WHAT TO WORK ON: Transcribe the whole listing without a single picture.

DATA EXCERPT:
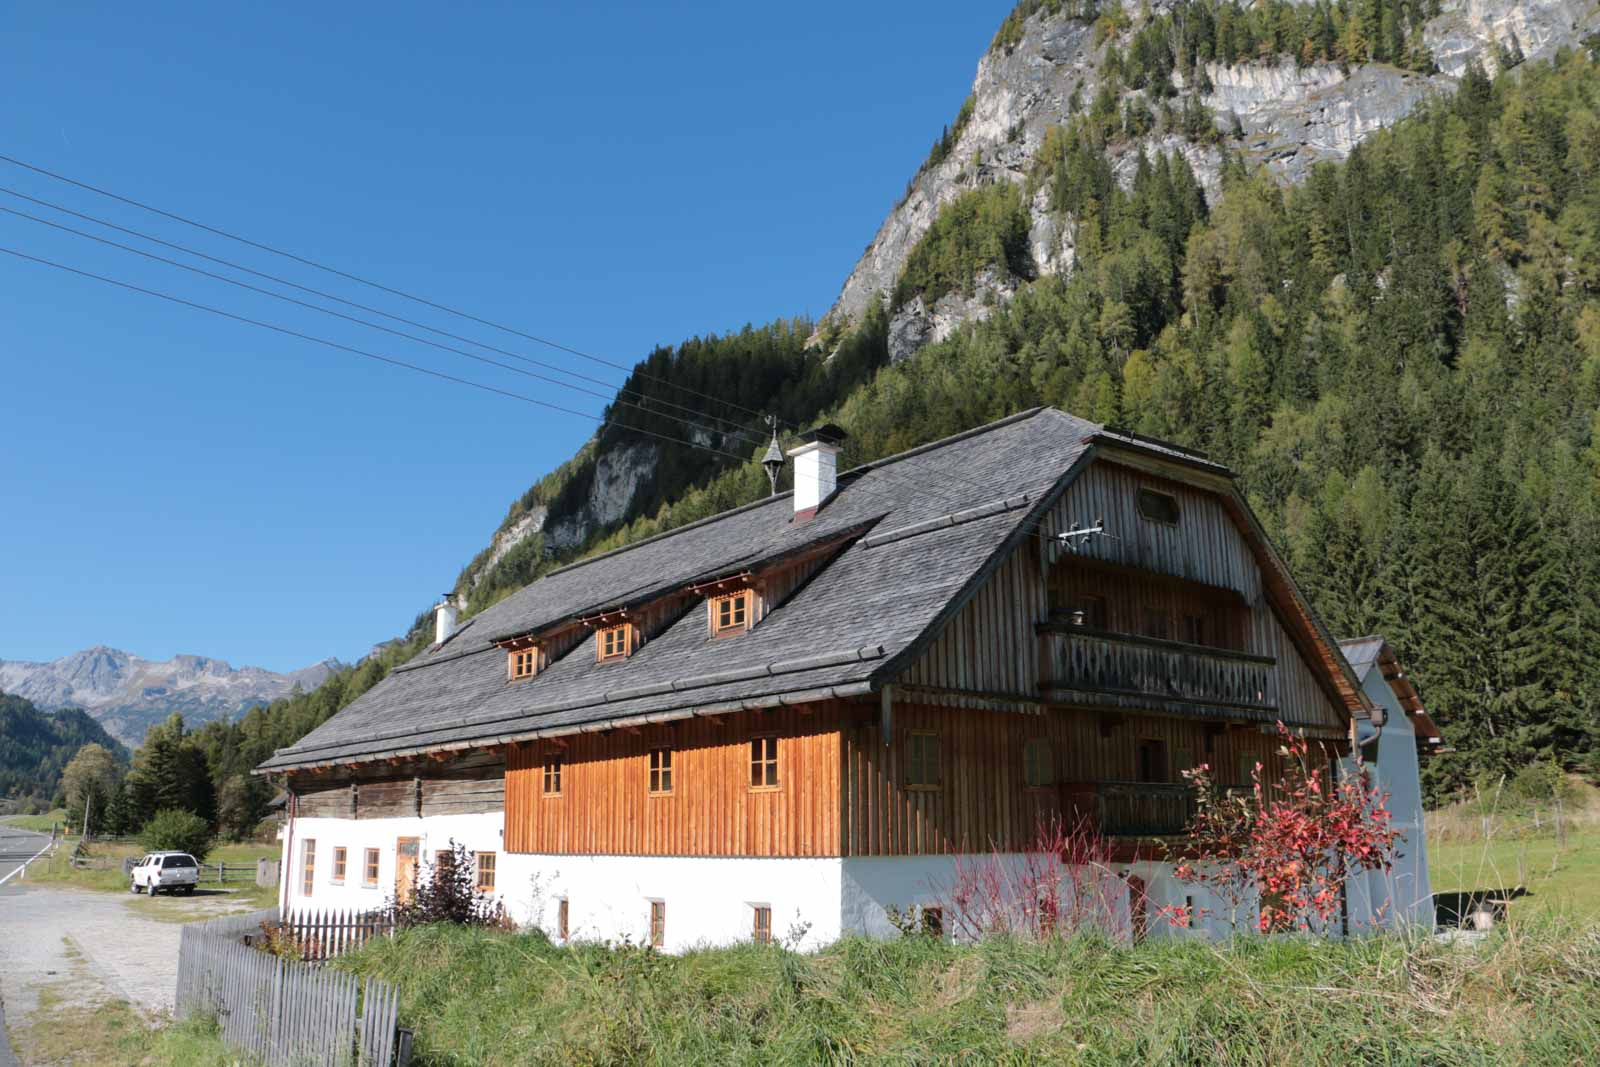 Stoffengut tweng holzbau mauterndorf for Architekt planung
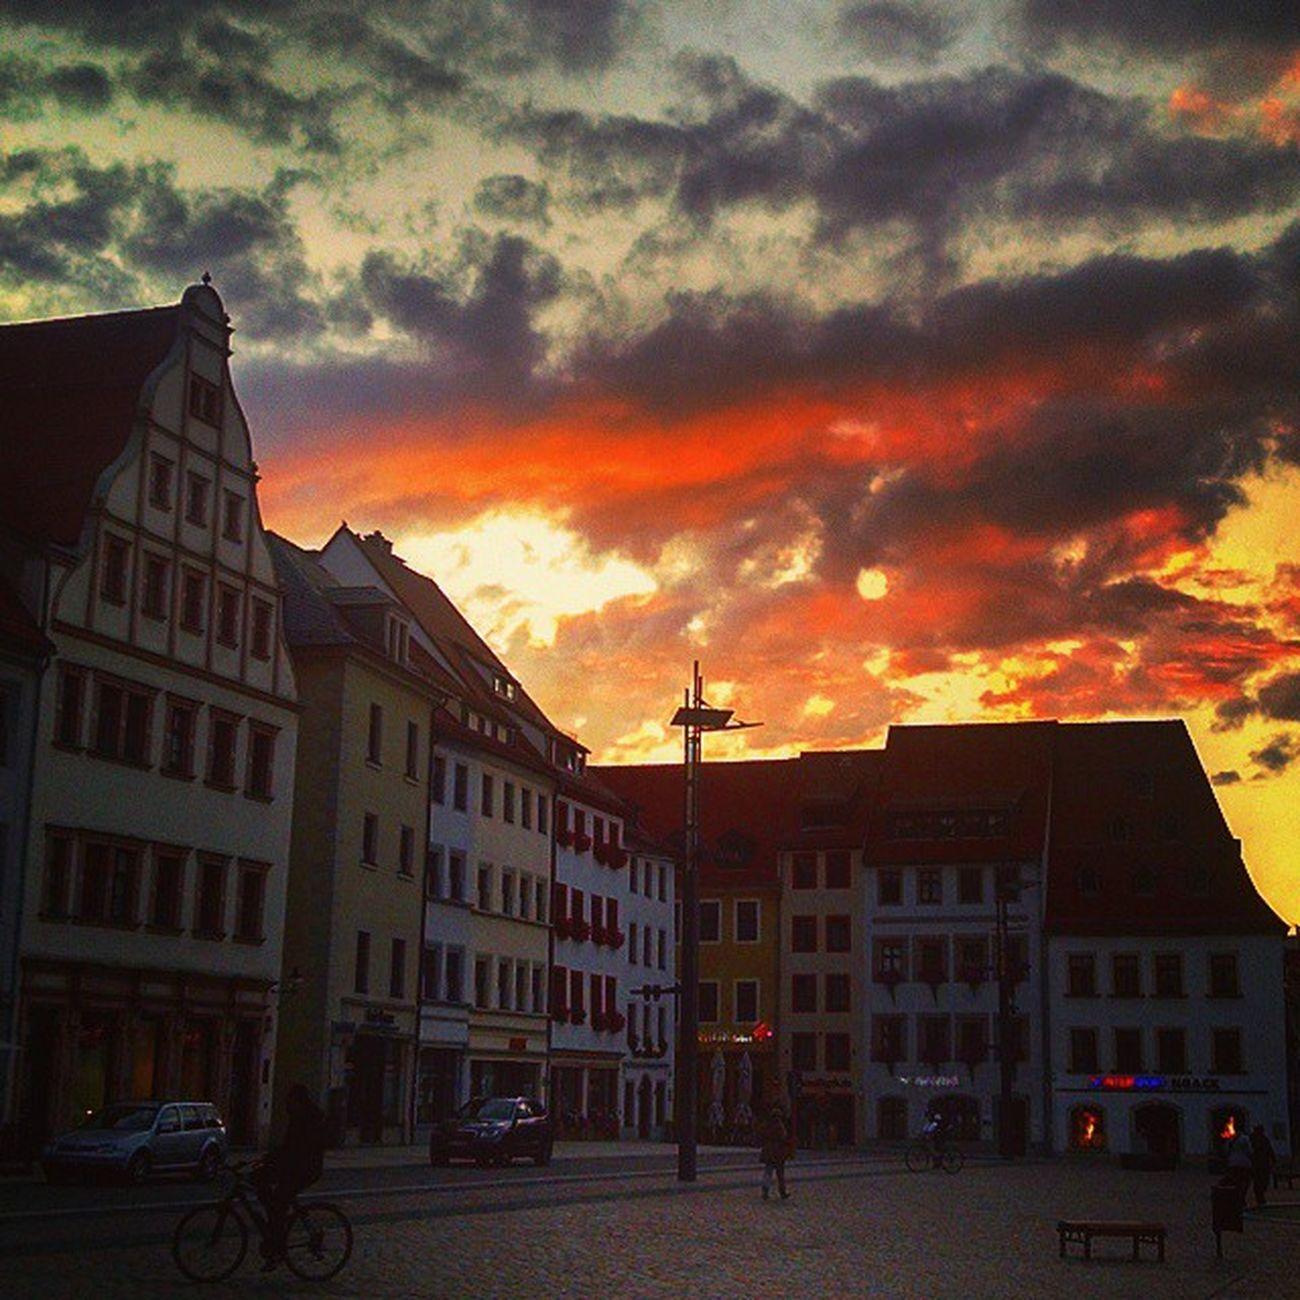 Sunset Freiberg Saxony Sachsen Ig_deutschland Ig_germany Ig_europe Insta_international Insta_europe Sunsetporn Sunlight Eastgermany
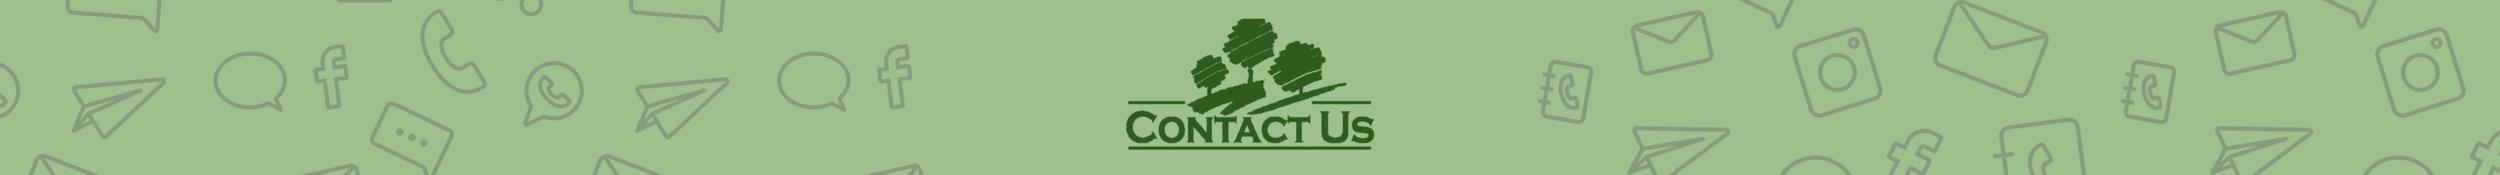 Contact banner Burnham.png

RESPONSE:
 Stoffengut tweng holzbau mauterndorf for Architekt planung
 Sunset Freiberg Saxony Sachsen Ig_deutschland Ig_germany Ig_europe Insta_international Insta_europe Sunsetporn Sunlight Eastgermany
 Contact banner Burnham.png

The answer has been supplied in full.